Returns: The inverse transformed data.

class omnixai.preprocessing.normalize.Scale(ratio=1.0)

Bases: TransformBase

Rescales the values to values * ratio.

fit(x)

Estimates the parameters of the transform.

Parameters: x – The data for estimating the parameters.
Returns: The current instance.

transform(x)

Applies the transform to the input data.

Parameters: x – The data on which to apply the transform.
Returns: The transformed data.

invert(x)

Applies the inverse transform to the input data.

Parameters: x – The data on which to apply the inverse transform.
Returns: The inverse transformed data.

omnixai.preprocessing.fill module

The pre-processing functions for filling NaNs and missing values.

class omnixai.preprocessing.fill.FillNaN(value)

Bases: TransformBase

Fill NaNs in a pandas dataframe or a numpy array.

Parameters: value (Union[str, int, float]) – The value to fill NaNs, chosen from [‘mean’, ‘median’] or float values

fit(x)

Estimates the parameters of the transform.

Parameters: x (Union[ndarray, DataFrame]) – The data for estimating the parameters.
Return type: TransformBase
Returns: The current instance.

transform(x)

Applies the transform to the input data.

Parameters: x (Union[ndarray, DataFrame]) – The data on which to apply the transform.
Return type: Union[ndarray, DataFrame]
Returns: The transformed data.

invert(x)

This is a pseudo inverse transform because the positions of the NANs in the original data are not stored.

Parameters: x (Union[ndarray, DataFrame]) – The data on which to apply the inverse transform.
Returns: The inverse transformed data.
Return type: Union[np.ndarray, pd.DataFrame]

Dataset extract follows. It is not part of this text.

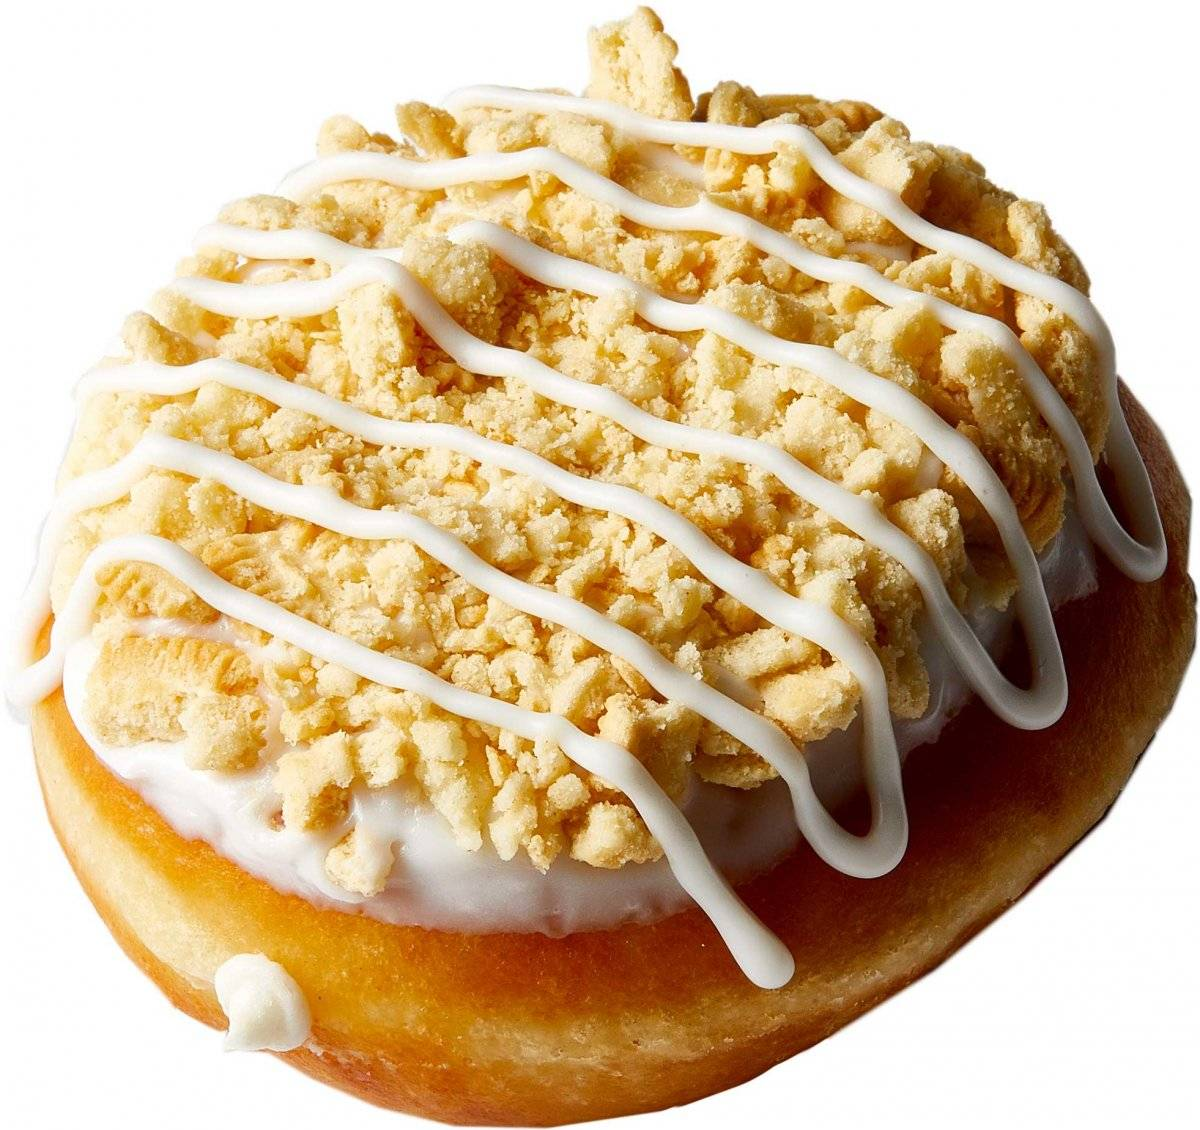 Postre.¡Krispy Kreme

class omnixai.preprocessing.fill.FillNaNTabular(value)

Bases: TransformBase

Fill NaNs in a Tabular object.

Parameters: value (Union[str, int, float]) – The value to fill NaNs, chosen from [‘mean’, ‘median’] or float values

fit(x)

Fits a FillNaN transformer.

Parameters: x (Tabular) – A Tabular object.
Returns: Itself.
Return type: FillNaNTabular

transform(x)

Fills NaNs in the continuous-valued features.

Parameters: x (Tabular) – A Tabular object.
Returns: The transformed data.
Return type: Tabular

invert(x)

This is a pseudo inverse transform because the positions of the NANs in the original data are not stored.

Parameters: x (Tabular) – The data on which to apply the inverse transform.
Returns: The inverse transformed data.
Return type: Tabular

omnixai.preprocessing.pipeline module

The pipeline for multiple pre-processing transforms.

class omnixai.preprocessing.pipeline.Pipeline

Bases: object

The pipeline for multiple pre-processing transforms.

name = 'pipeline'

step(transformer)

Adds a new transform into the pipeline.

Parameters: transformer (TransformBase) – A transformer derived from TransformBase
Returns: The current pipeline instance

fit(x)

Estimates the parameters of the all transforms.

Parameters: x – The data for estimating the parameters.
Returns: The current instance.

transform(x)

Applies all the transforms to the input data.

Parameters: x – The data on which to apply the transform.
Returns: The transformed data.

invert(x)

Applies the inverse transforms to the input data.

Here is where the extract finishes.